I know two families (one from Russia, one from Hong Kong) who did something similar to this. Mom and kids lived in here in owned properties with owned cars while the kids went to middle, high school and now university. Now, in both cases the father had significant economic clout (I believe they both owned successful businesses in their home countries) and I would suggest the spouse and dependants entry was tied on the father having attained PR status first (unlike suggested by the OP).


----------



## EVHB (Feb 11, 2008)

I know a parent can accompany a minor child that is studying in Canada, but you need to prove ties to your home country.
My son had a friend in high school, and his mom was here on a temp visa to take care of her 2 kids, who were international students (14 and 16 years old). But the dad could only come as a visitor, and had to fly between their homecountry and Canada.
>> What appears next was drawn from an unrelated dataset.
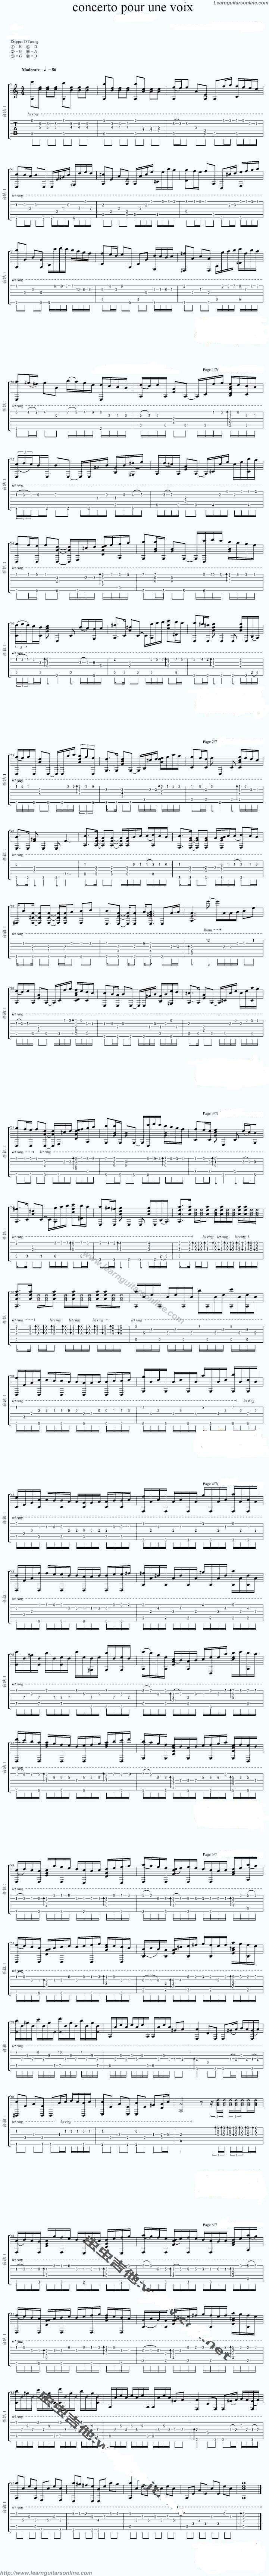 Concerto pour une voix by Saint Preux Danielle Licari Guitar Tabs Chords Solo Notes Sheet Music Free

He was running a business in his homecountry.
I know the mom started studying here too, but at a private college. 
But this construction didn't give them the right to become permanent residents, she told me once. 

This is what I found on international students and parents who want to visit them:
Inviting Family

@Liam(at)Large: since you know such families, maybe you can ask them how they did it?


----------



## ismangun (Sep 29, 2012)

Hi All,

Thanks for all your replies.

I know this is more like a 'retirement plan' which is quite difficult to navigate.

@Liam(at)Large: I will really appreciate if you can ask them how they did it and share it with me.

Cheers,


----------